··· Given material
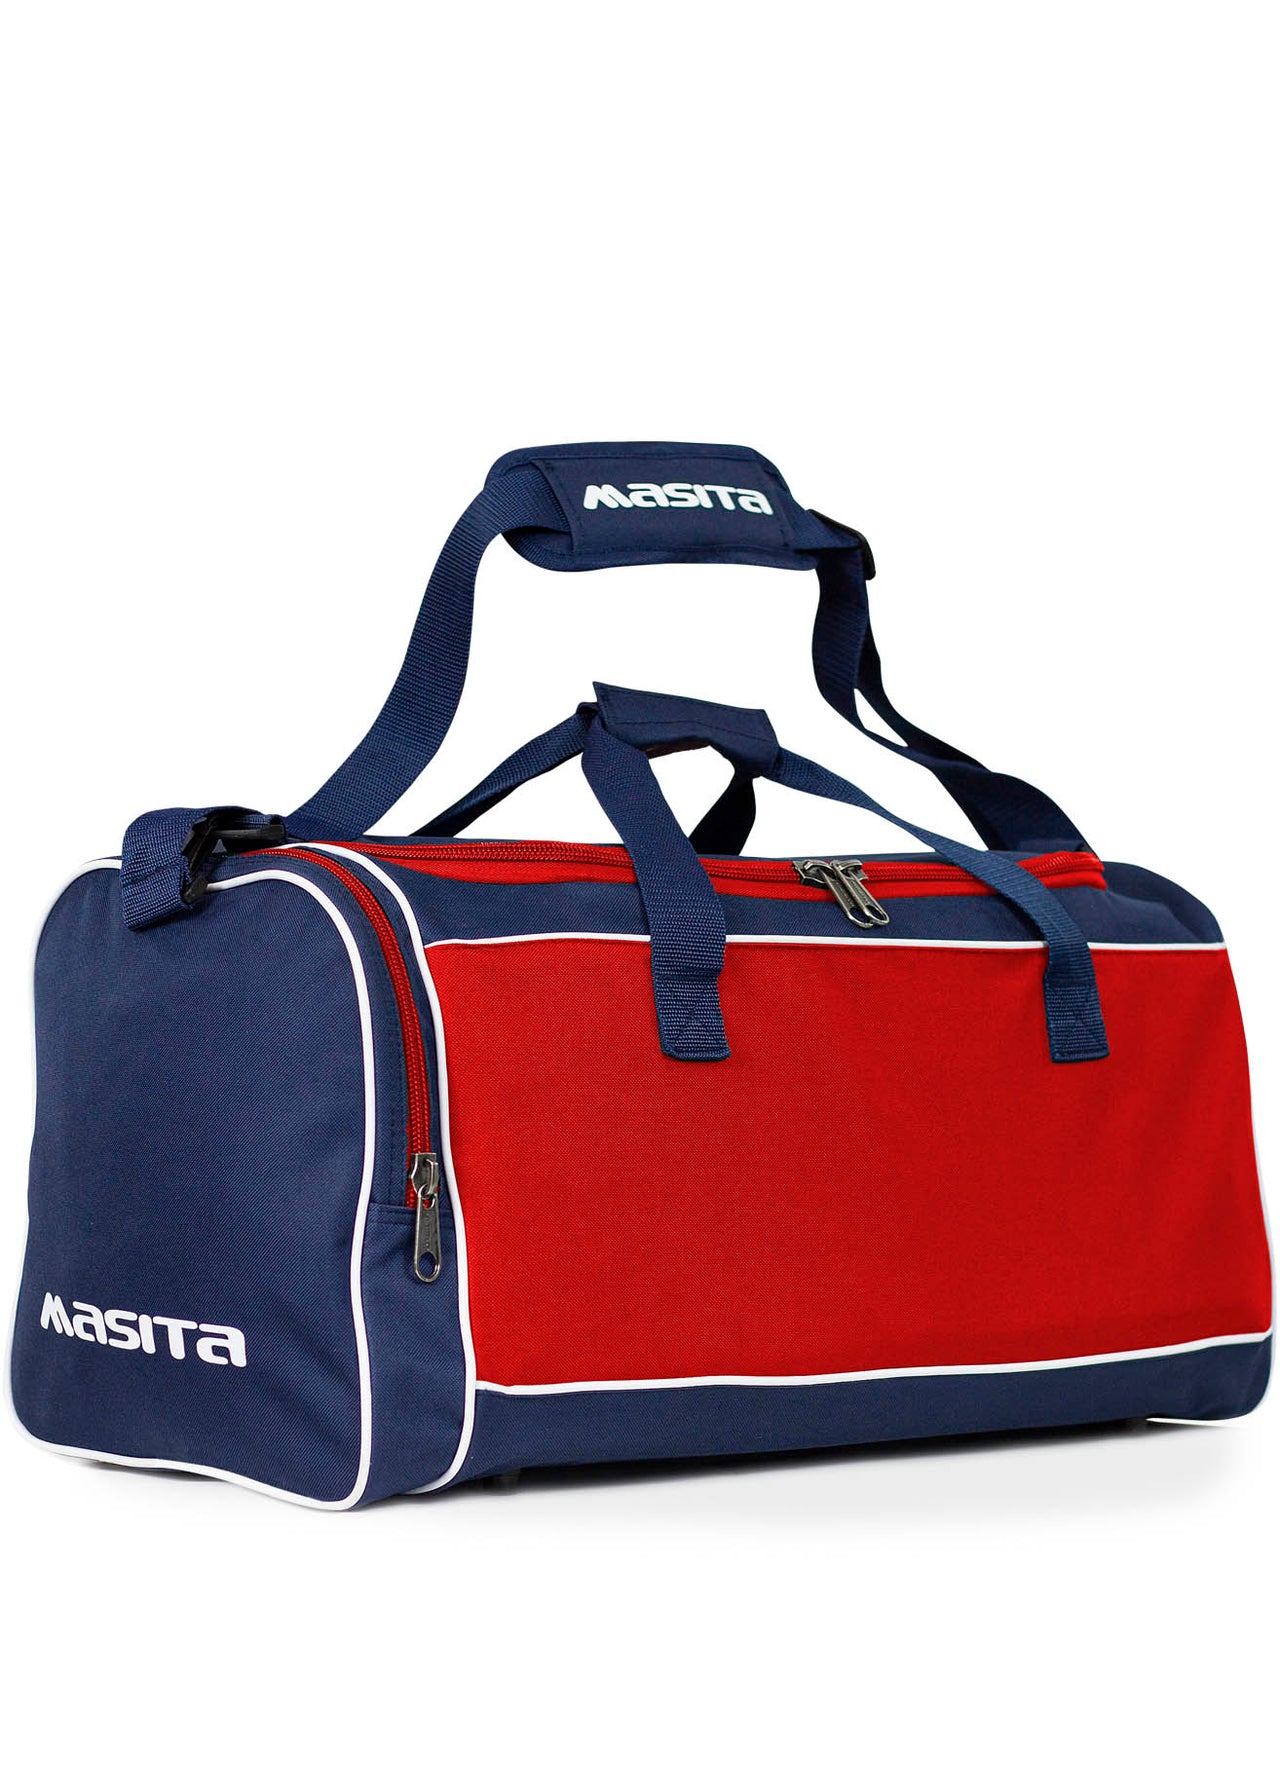 Forza Sports Bag Red/Navy/White
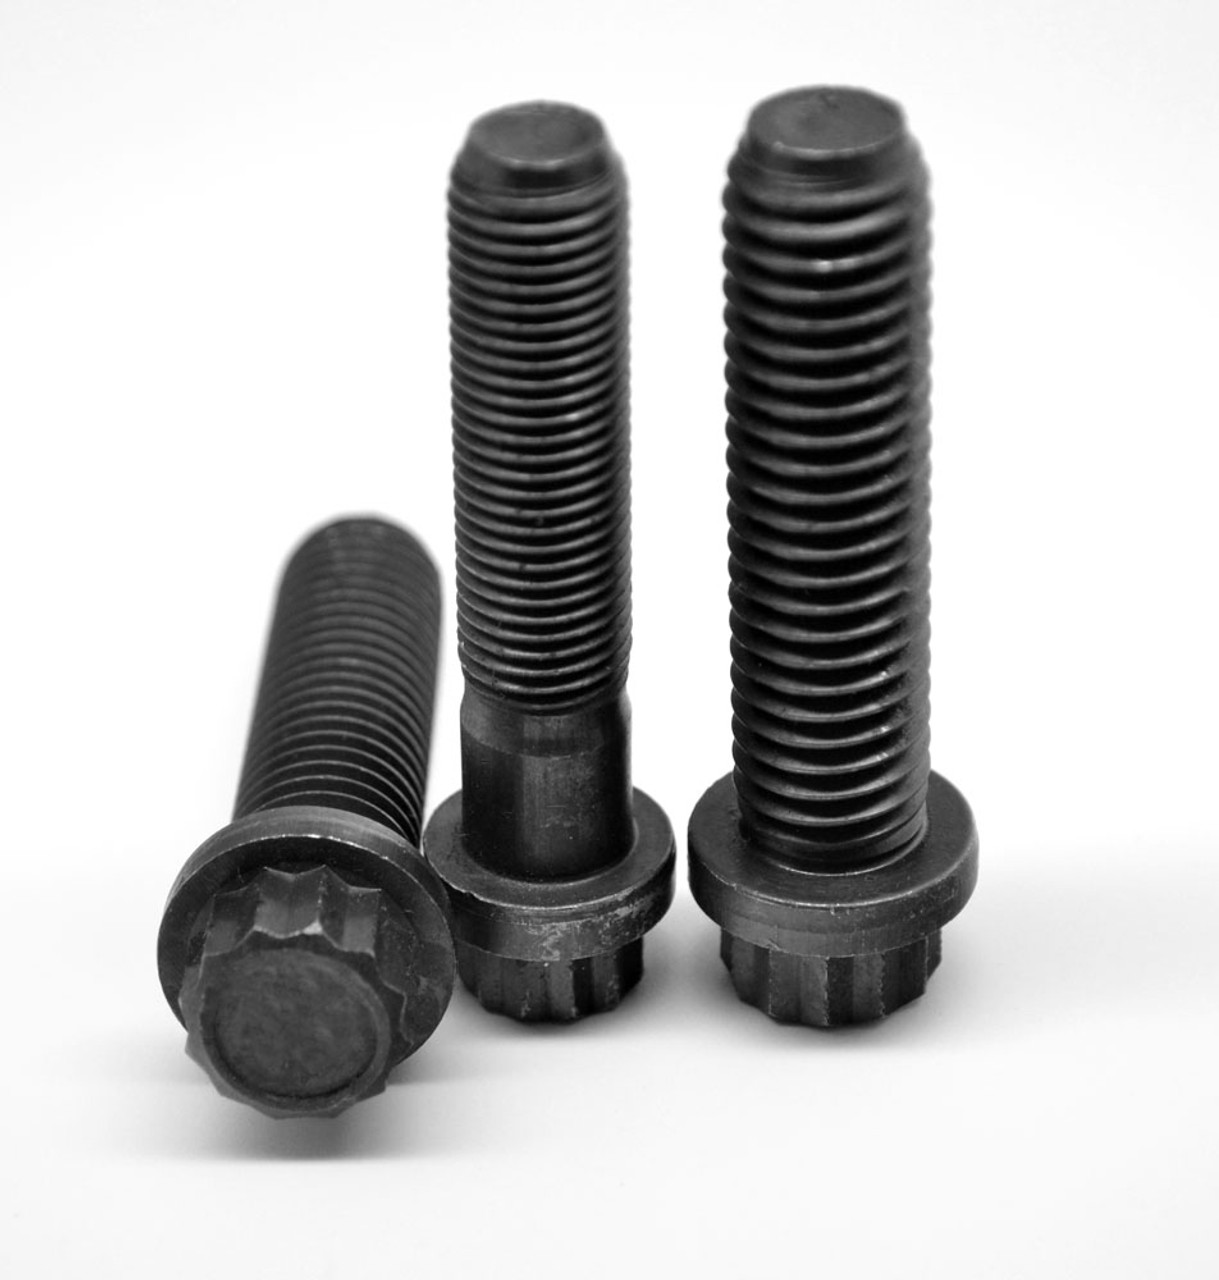 5/16-18 x 7/8 Coarse Thread 12-Point Flange Screw Alloy Steel Thermal Black Oxide
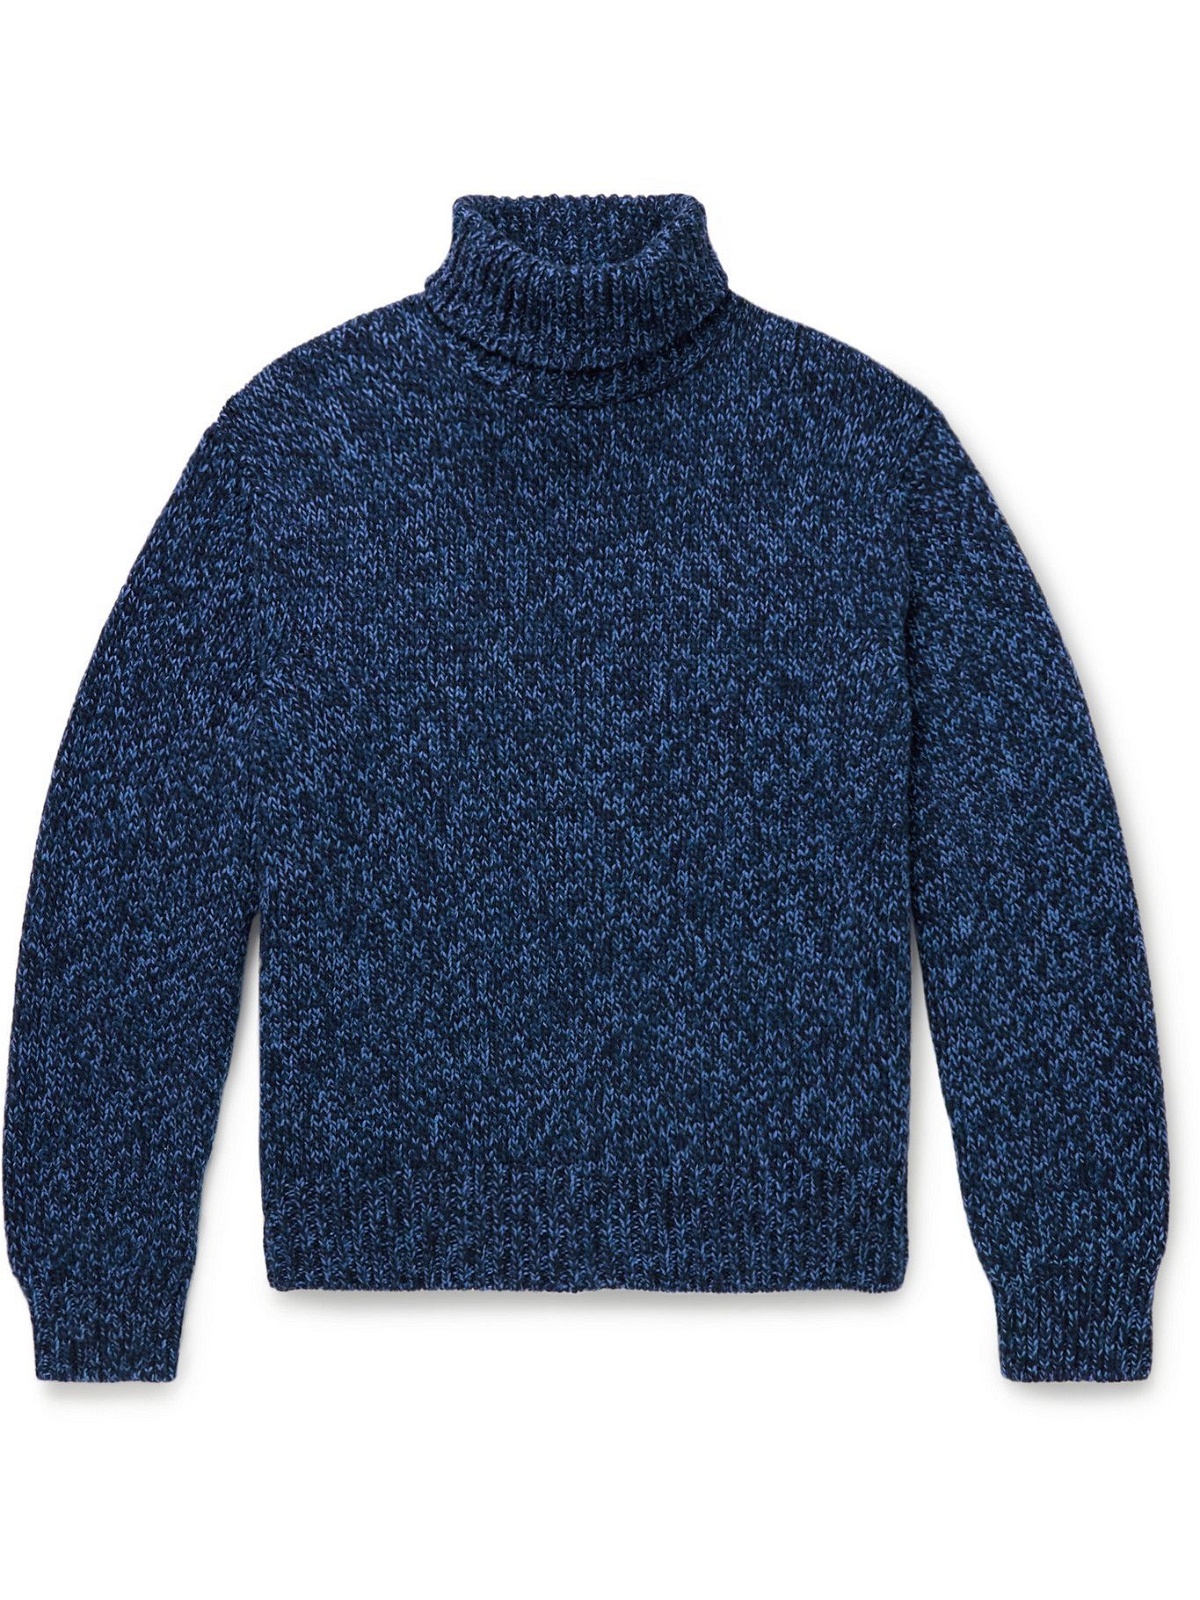 Mr P. - Recycled Cashmere and Wool-Blend Rollneck Sweater - Blue Mr P.
······
**Work instructions:**
A word-for-word restatement of all the lines above is needed, with the pictures omitted.

**Response for this exercise:**
 Forza Sports Bag Red/Navy/White
 5/16-18 x 7/8 Coarse Thread 12-Point Flange Screw Alloy Steel Thermal Black Oxide
 Mr P. - Recycled Cashmere and Wool-Blend Rollneck Sweater - Blue Mr P.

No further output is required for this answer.